### [DATA RECORDS]
━━━━
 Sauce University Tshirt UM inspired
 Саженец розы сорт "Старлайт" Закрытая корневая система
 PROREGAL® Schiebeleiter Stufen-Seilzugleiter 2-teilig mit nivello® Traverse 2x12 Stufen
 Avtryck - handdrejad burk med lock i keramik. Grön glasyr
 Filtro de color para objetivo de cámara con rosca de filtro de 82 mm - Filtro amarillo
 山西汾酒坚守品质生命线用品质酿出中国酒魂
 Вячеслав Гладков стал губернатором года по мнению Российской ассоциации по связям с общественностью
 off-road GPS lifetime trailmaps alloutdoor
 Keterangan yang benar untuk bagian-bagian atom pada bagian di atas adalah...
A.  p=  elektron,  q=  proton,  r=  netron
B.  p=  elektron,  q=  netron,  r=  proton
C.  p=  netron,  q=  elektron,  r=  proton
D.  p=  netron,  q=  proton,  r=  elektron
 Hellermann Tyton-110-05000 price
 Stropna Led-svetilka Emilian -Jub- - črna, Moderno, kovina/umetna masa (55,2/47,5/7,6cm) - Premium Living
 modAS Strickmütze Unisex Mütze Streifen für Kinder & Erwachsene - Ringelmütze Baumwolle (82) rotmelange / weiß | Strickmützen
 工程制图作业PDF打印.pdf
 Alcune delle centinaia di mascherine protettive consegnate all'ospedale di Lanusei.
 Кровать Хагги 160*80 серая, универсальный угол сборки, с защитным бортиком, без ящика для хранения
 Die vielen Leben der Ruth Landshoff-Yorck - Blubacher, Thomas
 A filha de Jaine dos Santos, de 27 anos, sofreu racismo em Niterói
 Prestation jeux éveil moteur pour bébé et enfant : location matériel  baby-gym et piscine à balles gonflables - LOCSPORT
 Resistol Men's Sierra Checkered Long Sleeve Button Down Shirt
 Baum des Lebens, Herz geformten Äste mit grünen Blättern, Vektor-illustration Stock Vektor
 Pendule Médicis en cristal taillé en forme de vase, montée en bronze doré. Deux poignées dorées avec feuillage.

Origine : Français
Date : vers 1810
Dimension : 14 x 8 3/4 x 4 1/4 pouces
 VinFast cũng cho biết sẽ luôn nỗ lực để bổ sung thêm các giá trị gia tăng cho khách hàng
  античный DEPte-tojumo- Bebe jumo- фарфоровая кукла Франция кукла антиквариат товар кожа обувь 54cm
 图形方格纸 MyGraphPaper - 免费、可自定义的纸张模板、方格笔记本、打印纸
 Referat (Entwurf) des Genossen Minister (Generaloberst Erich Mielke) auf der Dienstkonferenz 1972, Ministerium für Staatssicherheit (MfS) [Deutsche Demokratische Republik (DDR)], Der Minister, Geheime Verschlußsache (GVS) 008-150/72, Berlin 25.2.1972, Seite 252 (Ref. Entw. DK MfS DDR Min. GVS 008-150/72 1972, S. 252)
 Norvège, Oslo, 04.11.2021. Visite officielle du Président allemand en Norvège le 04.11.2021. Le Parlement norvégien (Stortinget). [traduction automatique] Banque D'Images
━━━━
### [WHAT TO WORK ON]
A single number is required: the count of lines in the data that contain the string "netron".

### [REPLY]
4